Professor Shepherd is the host of “Talking History” on Nationwide 90 FM and member of the United Nation’s Working Group of Experts on People of African descent. She is the Immediate Past President of the Association of Caribbean Historians and was the first woman to chair the Board of Trustees of the Jamaica National Heritage Trust (2006-2007)

A graduate of the UWI, Mona and the University of Cambridge, where she read for her PhD in history, Professor Shepherd’s research interests are Jamaican Economic History during slavery (especially the history of non-sugar activities); Migration and Diasporas, and Caribbean Women’s history; and she has published widely on these topics.
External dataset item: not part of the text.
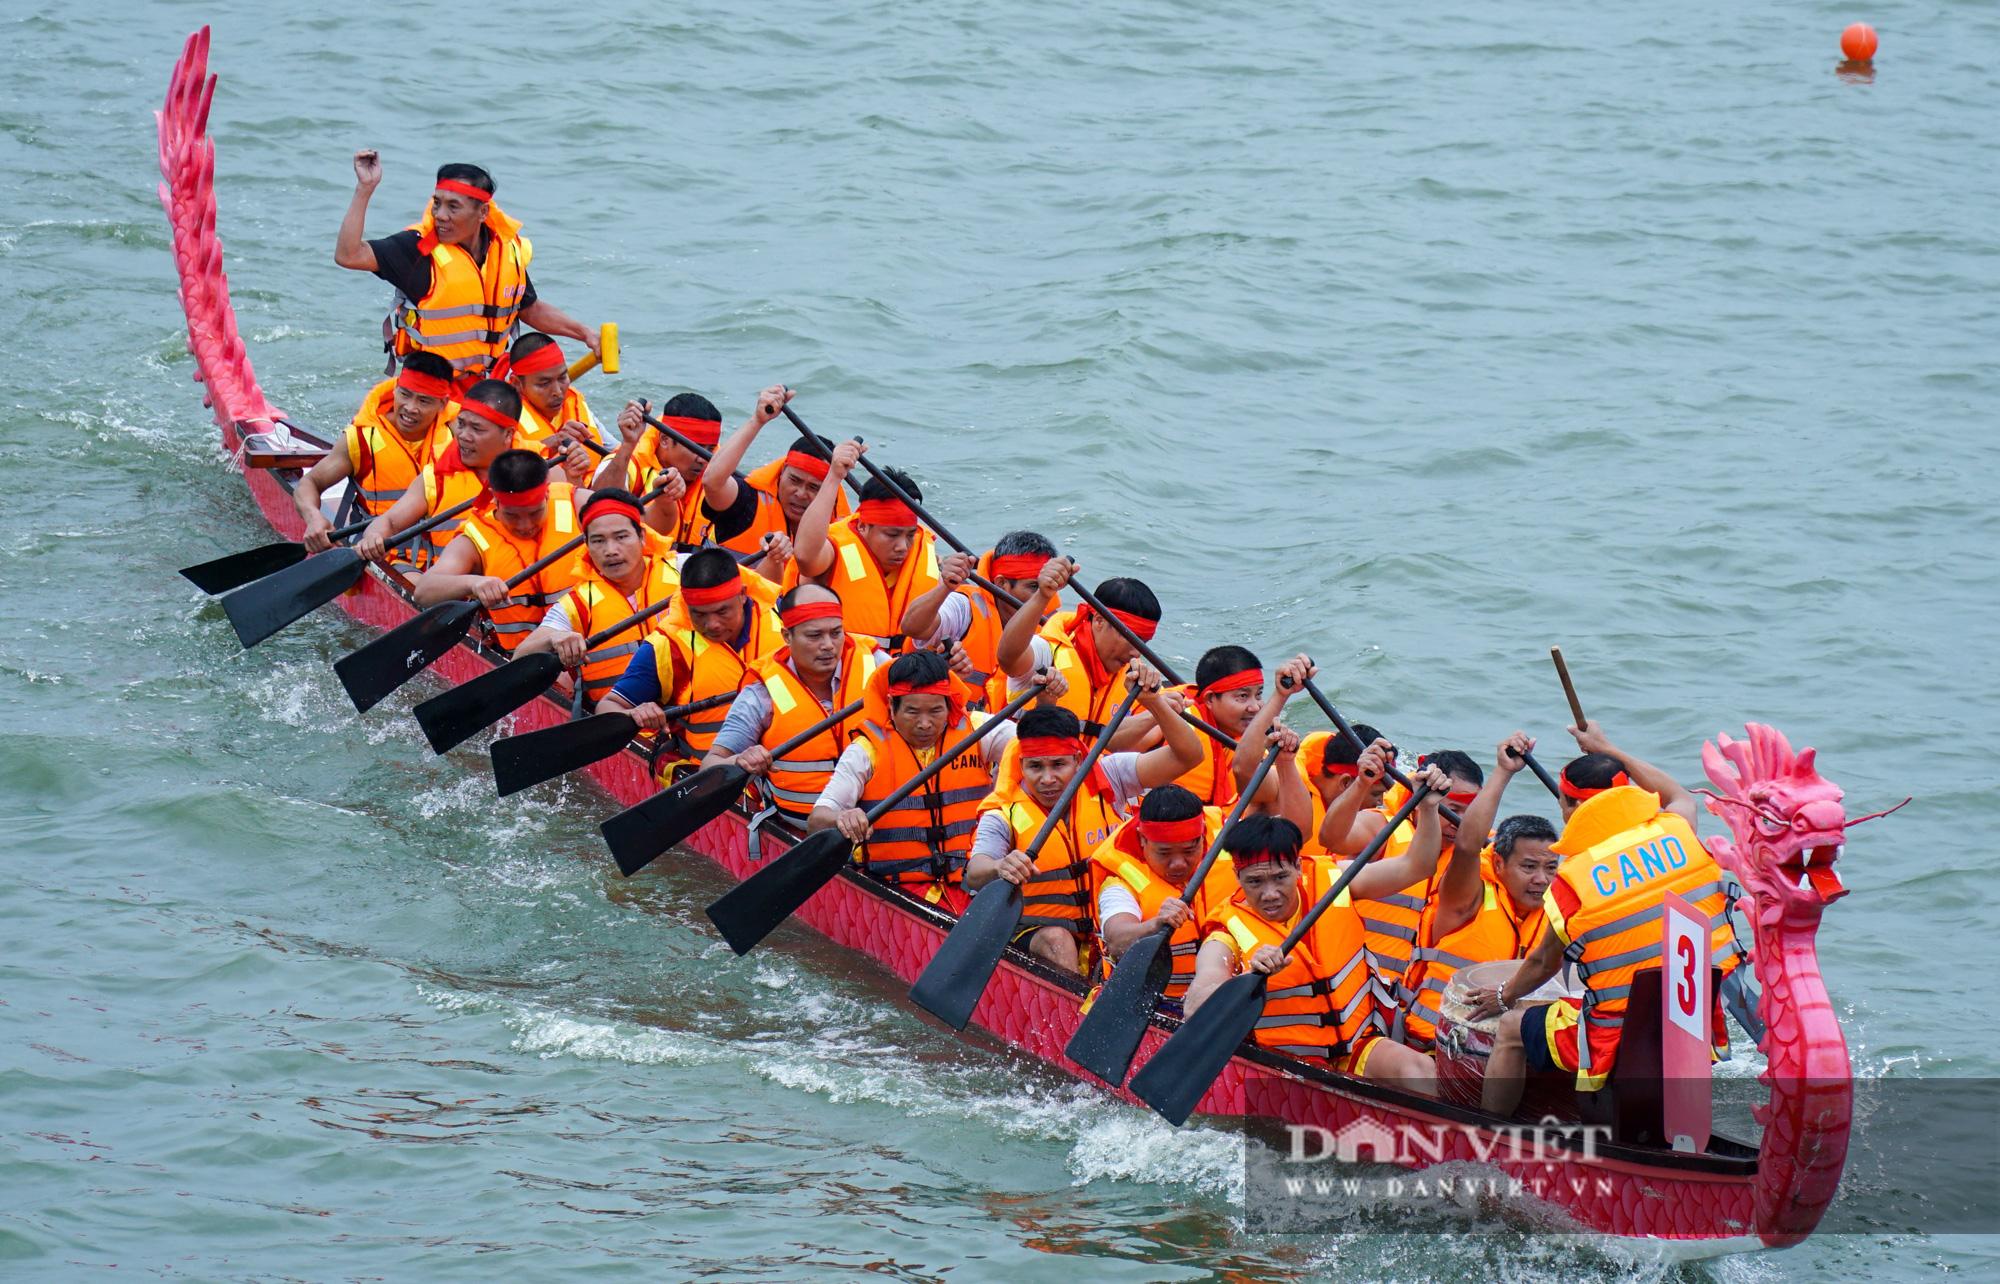 Phú Thọ: Kịch tính giải đua bơi chải chào mừng ngày giỗ Tổ Hùng Vương - Ảnh 6.
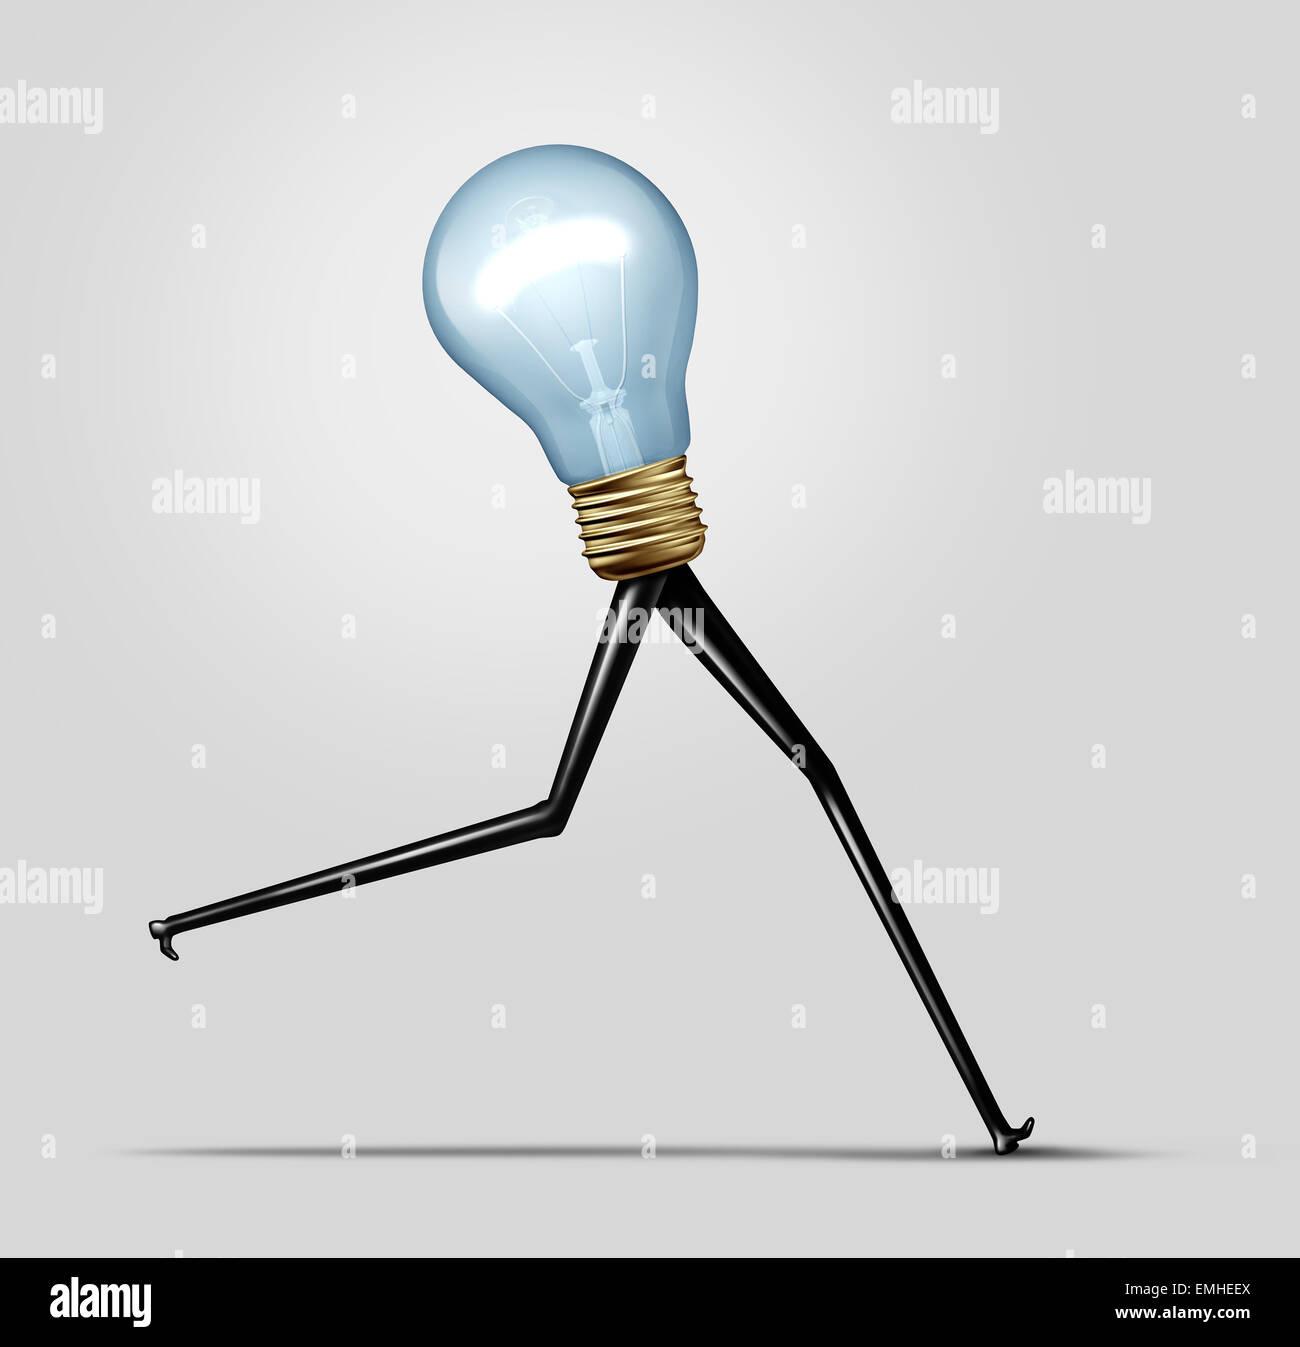 Energia creativa e la velocità del pensiero concetto aziendale come una brillante luce brillante lampadina Immagini Stock

Among her publications (sole-authored, co-authored, edited and co-edited are Livestock, Sugar & Slavery: Contested Terrain in Colonial Jamaica (2009); I Want to Disturb My Neighbour (2007); Maharani’s Misery: Narratives of a Passage from India to the Caribbean (2002) and Engendering History: Caribbean Women in Historical Perspectives (1998). She also writes for High School students, producing, with Hilary McD Beckles. Liberties Lost: Caribbean Indigenous Societies and Slave Systems (2004) and Freedoms Won: Caribbean Emancipations, Ethnicities and Nationhood (2006). Both Professor Shepherd and Professor Beckles were also very instrumental in ensuring that Lucille Mathurin Mair’s path-breaking PhD thesis, “A Historical Study of Women in Jamaica,” written in 1974, was finally published in 2007. 

She is a member of several international organizations (e.g.she is a  Steering Committee Member of the South-South Exchange Programme for Research on the History of Development) and sits on the Advisory/Editorial of several local and international journals including the Arts Journal, Caribbean Quarterly, Jamaica Journal, Slavery and Abolition. She has also held postdoctoral and research fellowships at several universities, among such fellowships being the DuBois-Mandela-Rodney Fellowship, Center for Afro-American & African Studies, University of Michigan.

A much sought after speaker, she has presented numerous seminar and conference papers and delivered many public lectures locally, regionally and internationally; and she has been the recipient of several awards, including the Jamaica National Heritage Trust Award for contribution to Jamaican history and heritage and the Africana Studies distinguished African Award (2007) from Florida International University.